### Exercise prompt
Take the line with "A plush, grey" and every line after it, through the end of the listing, and give them again exactly, pictures excluded.

### Data below
============================================================

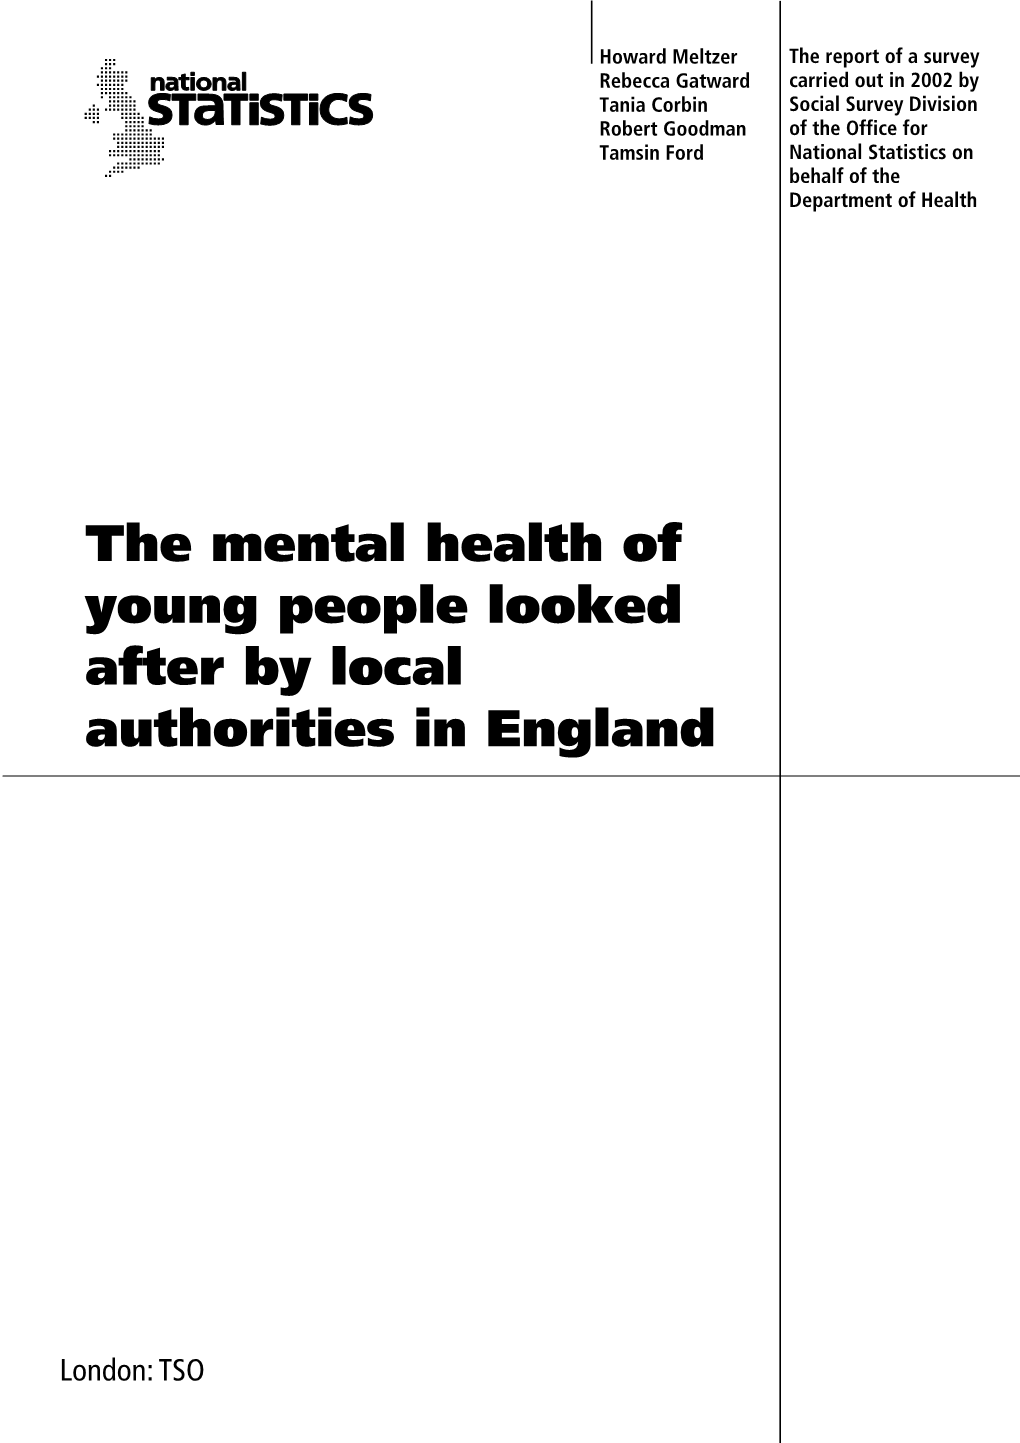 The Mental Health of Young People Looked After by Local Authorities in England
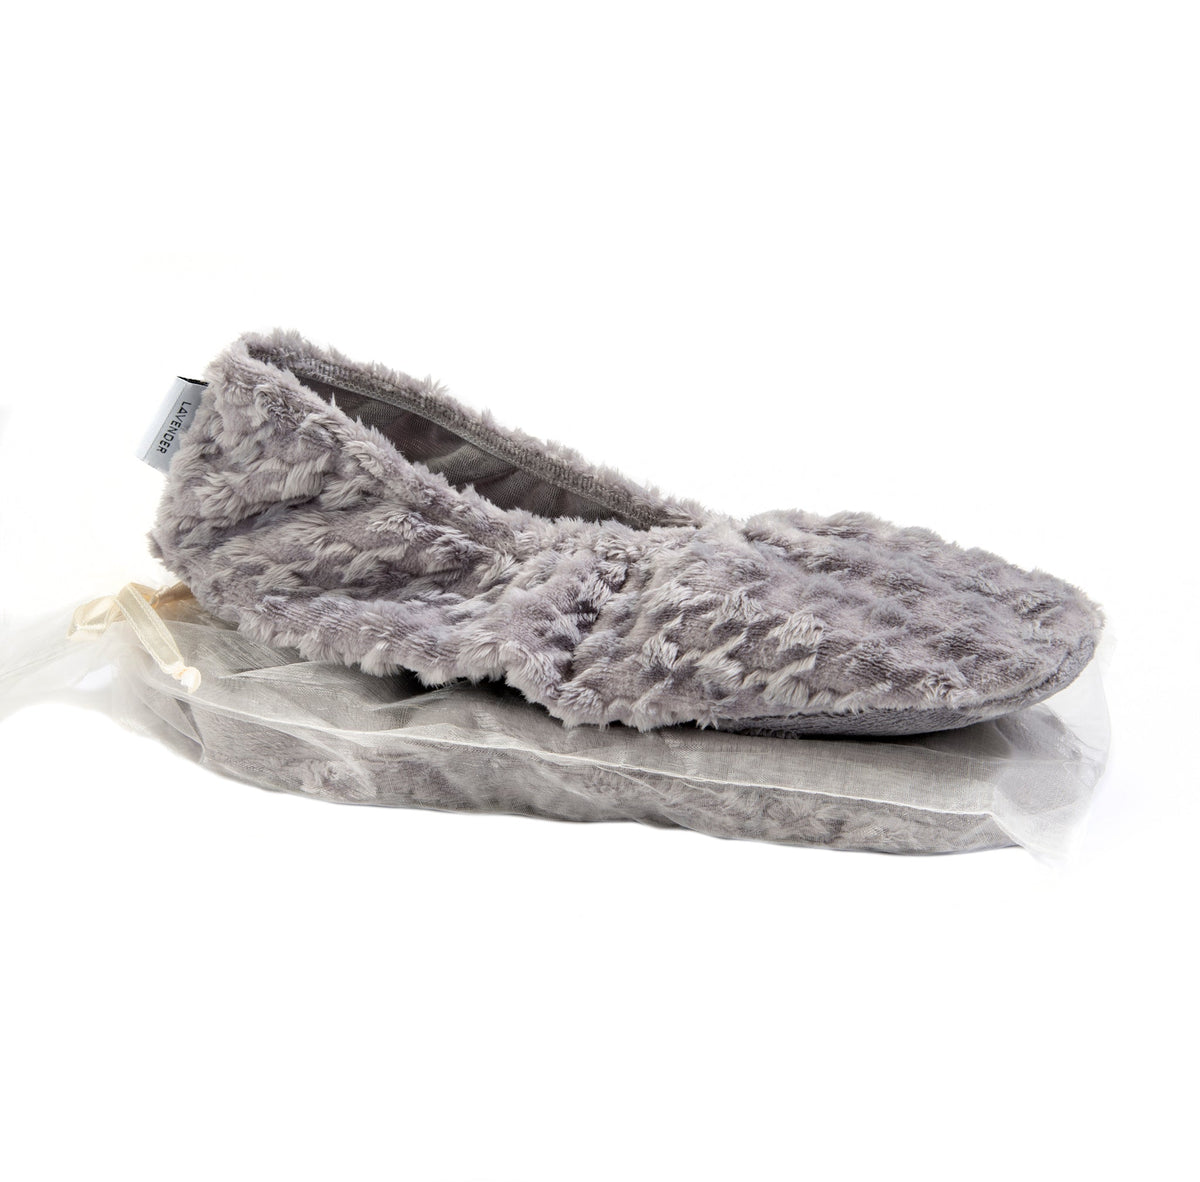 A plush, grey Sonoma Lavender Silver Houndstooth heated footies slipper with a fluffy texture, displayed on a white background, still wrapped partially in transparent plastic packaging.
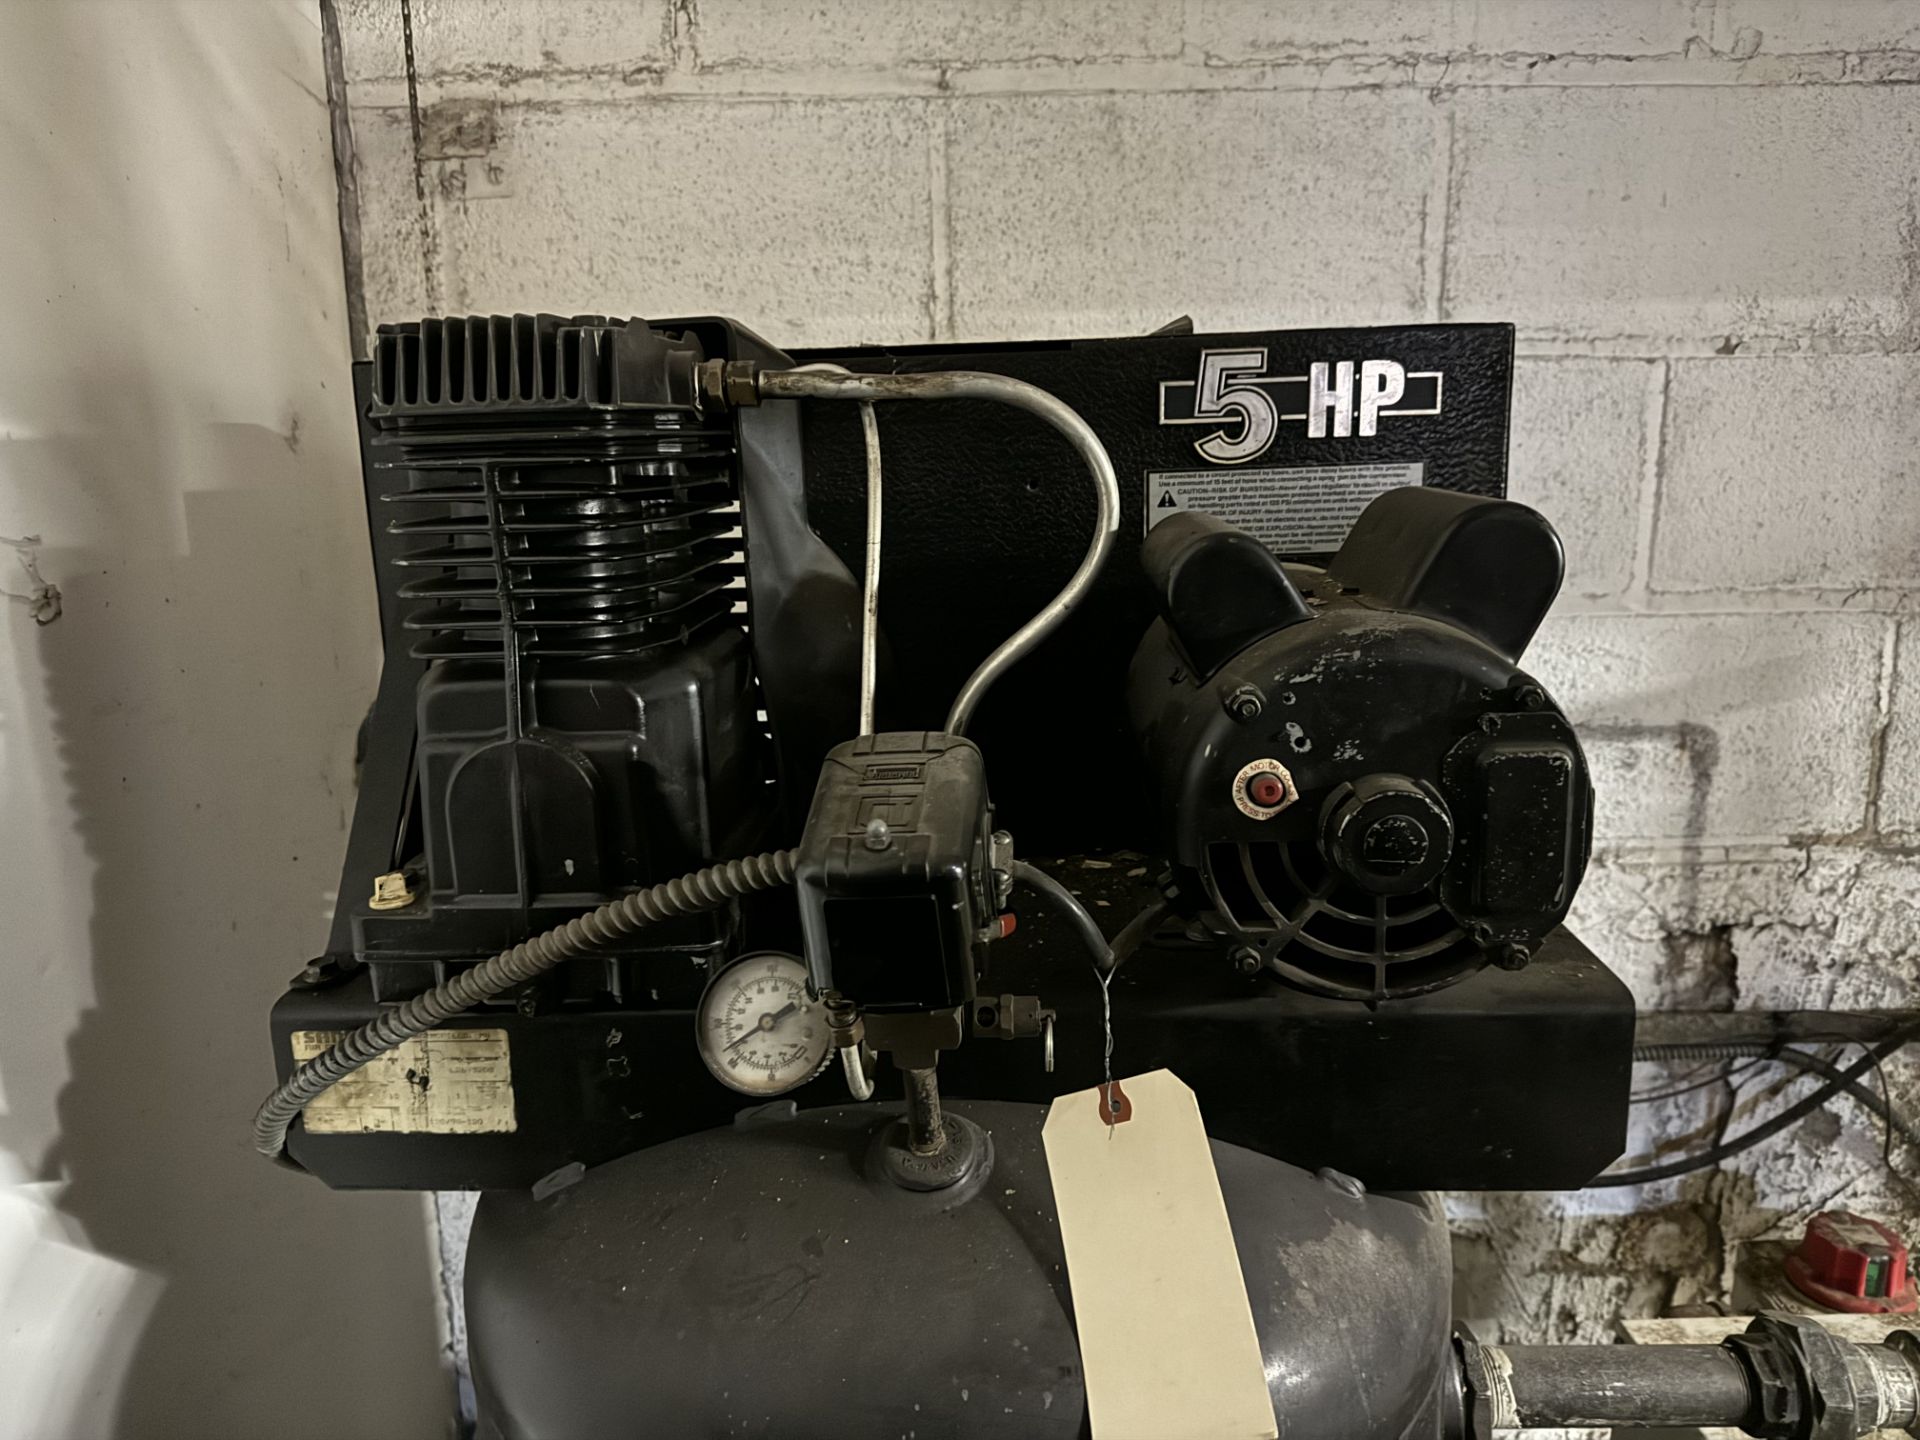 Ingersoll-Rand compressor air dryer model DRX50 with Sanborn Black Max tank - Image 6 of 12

============================================================

### Task result
 A plush, grey Sonoma Lavender Silver Houndstooth heated footies slipper with a fluffy texture, displayed on a white background, still wrapped partially in transparent plastic packaging.
 Ingersoll-Rand compressor air dryer model DRX50 with Sanborn Black Max tank - Image 6 of 12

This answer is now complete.